So it is Christmas …



As a child, I loved Christmas. I loved the snow, ice skating on the frozen lake near our home, and the sled rides with my patient grandmother pulling me around our tiny North German village. I loved the smell of roasting almonds, of Stollen baking in the oven, and of spicy mulled wine. I loved the secrecy and whispers between my mum and dad, who would then glance at me and smile. I loved the wild and woolly German fairy tales, from Brothers Grimm to the stories my grandparents told of Christmas elves and monsters.

It would be many years later, as a teenager and now living in the Republic of South Africa, that I would first encounter the idea behind Christmas. The ridiculous and wild notion of a child being born in an oppressed Middle Eastern country. A child sent by God to bring hope and peace to this world. This child was born in poverty. His origin was frowned upon. His parents became refugees, as a king, mad with envy, sought his life.

Perhaps most stunning were the claims of his identity: the Son of God. Really? The Author of life would send his Son into poverty, cloaked in humility and utter frailty? This Son of God, who the Prophet called Immanuel … “With Us is God”… would bring peace?

Today, I peruse the news headlines of destitute people seeking refuge, of violent people from all parts of the world killing and maiming, of our wondrous planet being tortured by greed, with animals driven to extinction in record numbers. If this newborn was to bring peace, it doesn’t seem that evident. Am I meant to find comfort in the assumption that it is an ‘inner’ peace that this Christ child has brought? Should I not care about what feels awfully like a world spiralling out of control? As a youngster I loved Christmas, but as an adult it has lost some of its sparkle amidst existential despair. Sometimes I am simply riddled with doubt.

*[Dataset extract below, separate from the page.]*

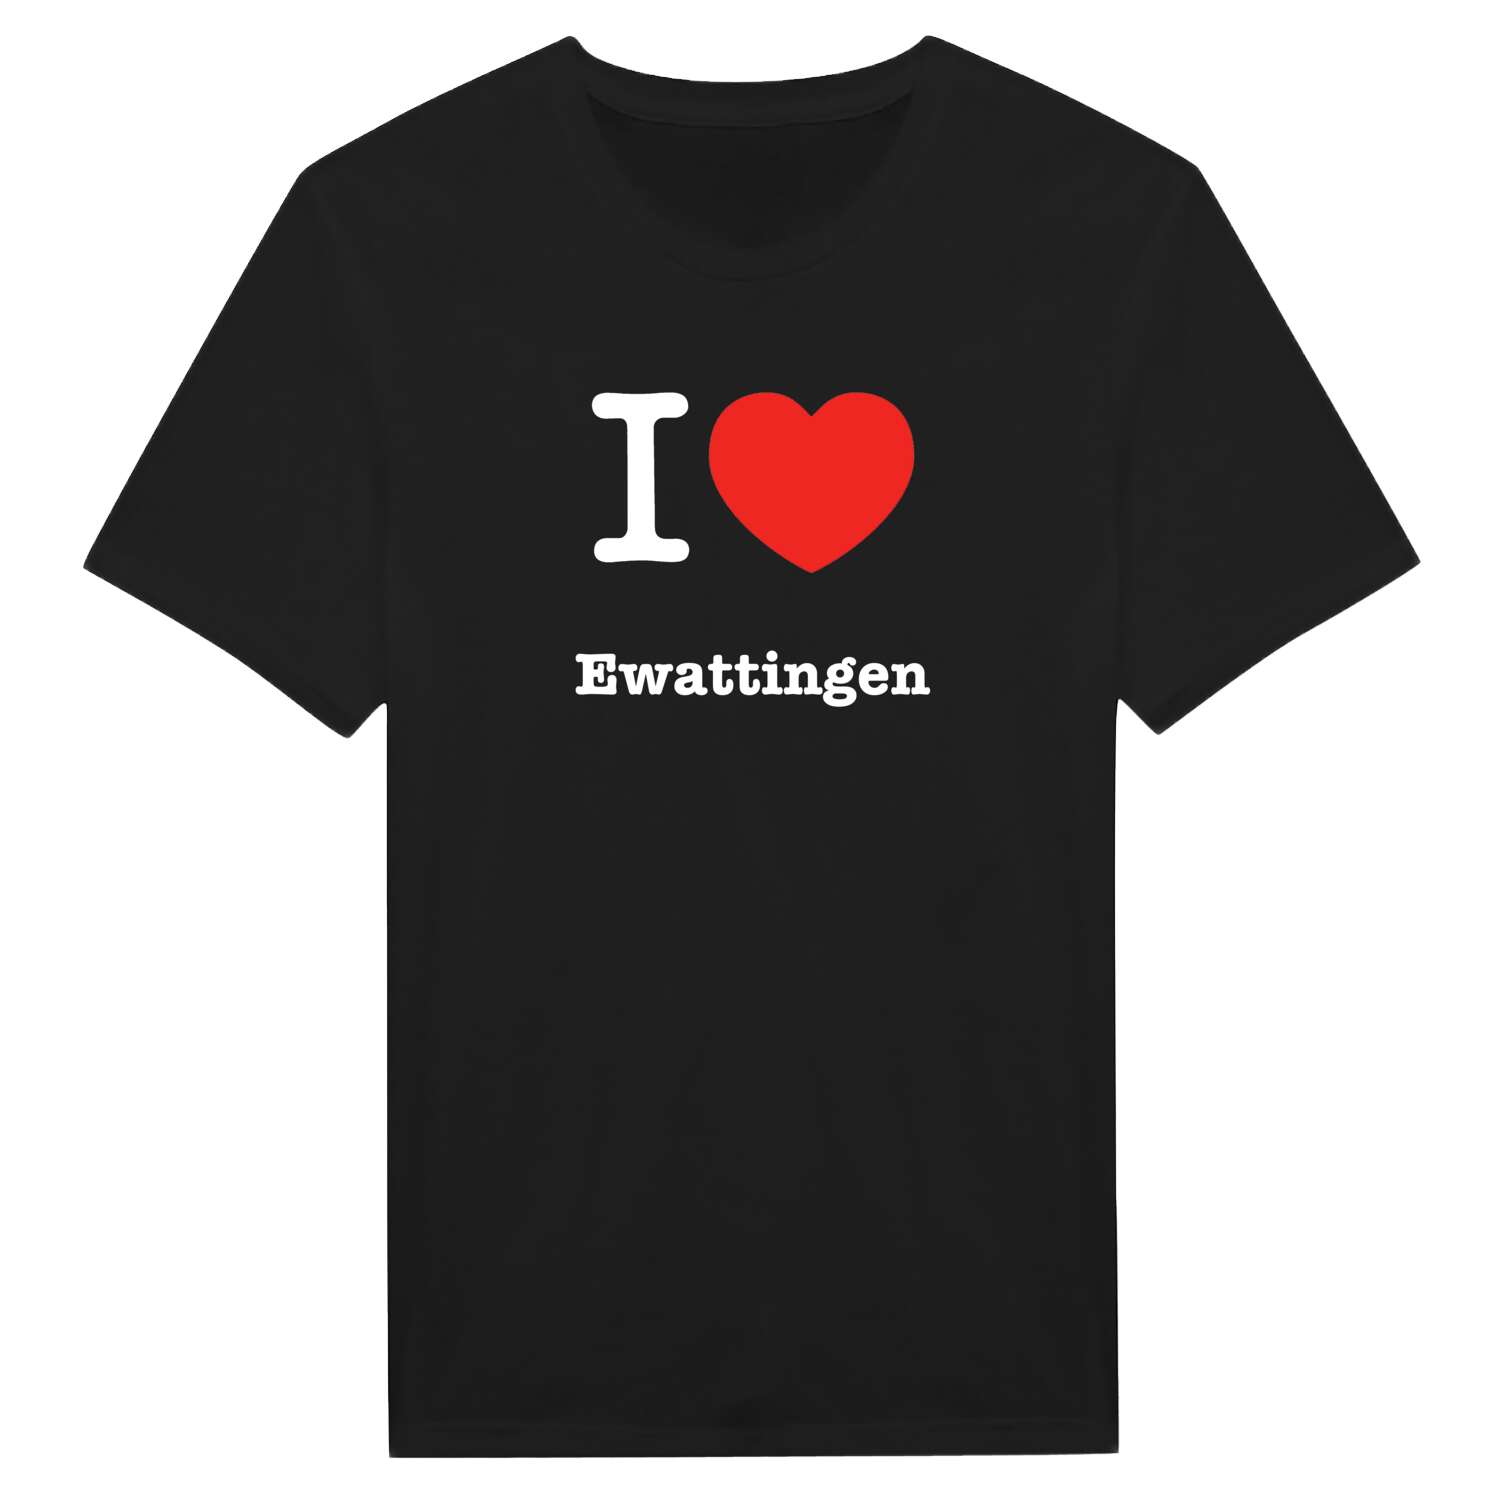 Ewattingen T-Shirt »I love«

I wonder about Christmas. A sleeping baby in a manger – not a celebrated General who can wage a ‘just’ war against our ‘enemies’. This humble figure who spoke of those on the margins being honoured – not a glorious genie-in-a-bottle, ready to bestow on us our best life now. This travelling rabbi, sharing some astonishing beliefs of a different kingdom – not some first-class politician able to promise all sorts of benefits to a gullible constituency. This child who became a man that exposed the fraudulent religious elite – not some superhero figure who used supernatural powers to create a happy society. Someone who did not hold on to power, even in the most difficult circumstances – not a power-hungry, border-secure, patriotic theocrat. Christmas is all about a defenceless baby. Can this child really inspire peace?

The peace that is ushered in with this tiny infant is not something that is laid upon us by a passive-aggressive deity. It is not the peace of an empire, forcefully imposed like Pax Romana. It seems like the path of peace has been shown to us in a manner that is so very foreign to an impatient and intolerant humanity. It is a peace that is forged with kindness, with humility, with compassion, with justice, with understanding. Most of all, it is a peace that is realised when we begin to recognise ourselves in the ‘other’, and that they, just like us, are made in the image of the Divine. It is a peace that comes to us through letting go, through sacrifice.

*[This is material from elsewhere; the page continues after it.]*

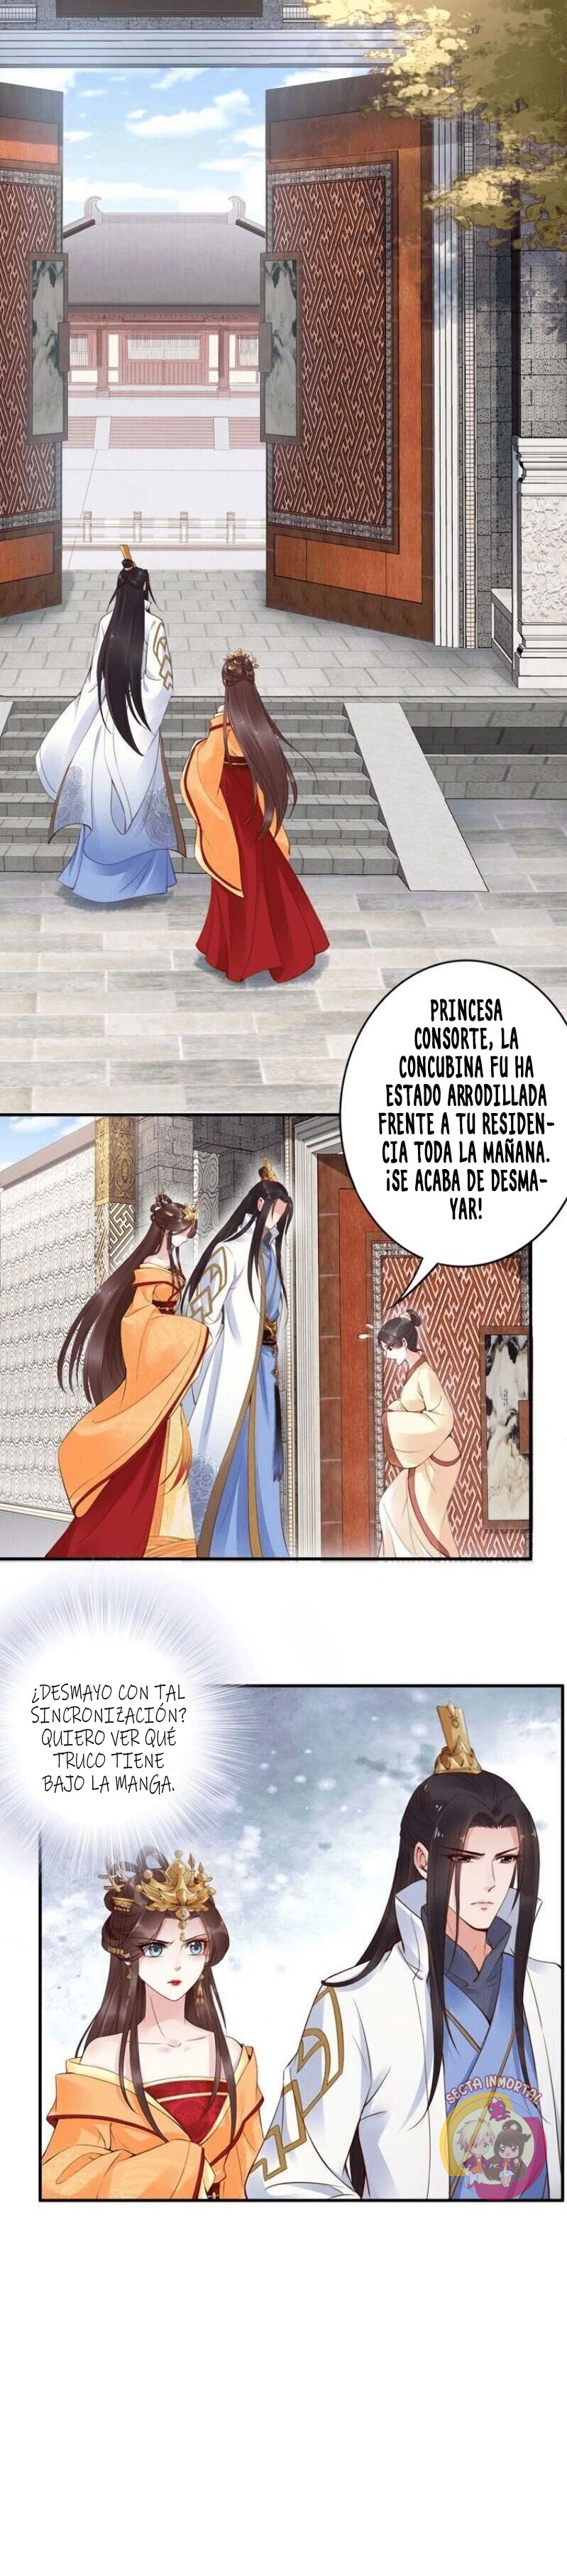 Manga Fenix volando desde el Palacio del Este Chapter 5 image number 17

I no longer hold to my childhood Christmas fables, but I still smile at them. I have also discarded many of the uncritiqued ideas that I readily absorbed in my first-half-of-life, religious-zealot era. I still believe in Christmas with a happy-sad feeling. I believe that the little child in the manger is who He claimed to be. I believe that He is the path to peace, and every day we make decisions – individually, in a tribal sense, and in our collective global humanity, whether to follow the outrageous, counter-cultural claims of Christ. The path of peace has to be chosen every day.

So it is Christmas. I look around at the many photos friends are posting of their beautiful babies, and I recall this sleeping baby, carefully placed in a dirty feeding trough, many years ago. A baby who allows us to celebrate Advent, not just at Christmas, but every day. This Christmas child did bring hope to the world – the hope of a different tomorrow. I see it in certain moments: When courage overcomes fear, when kindness overcomes indifference, when joy overcomes despair, when love overcomes hate. When humanity rises beyond a survival mentality to truly love our ’neighbour’. In moments like this, I remember the promise of a child in a manger and I find peace.

Christmas can be a difficult time for many. Whatever your life and circumstances are right now, I trust you can take some time to reflect on this astounding event that unfolded in Bethlehem over two thousand years ago. May you find hope as you do. “For unto us a child is born, unto us a son is given … and his name shall be called Wonderful, Counsellor, the mighty God, the everlasting Father, the Prince of Peace.”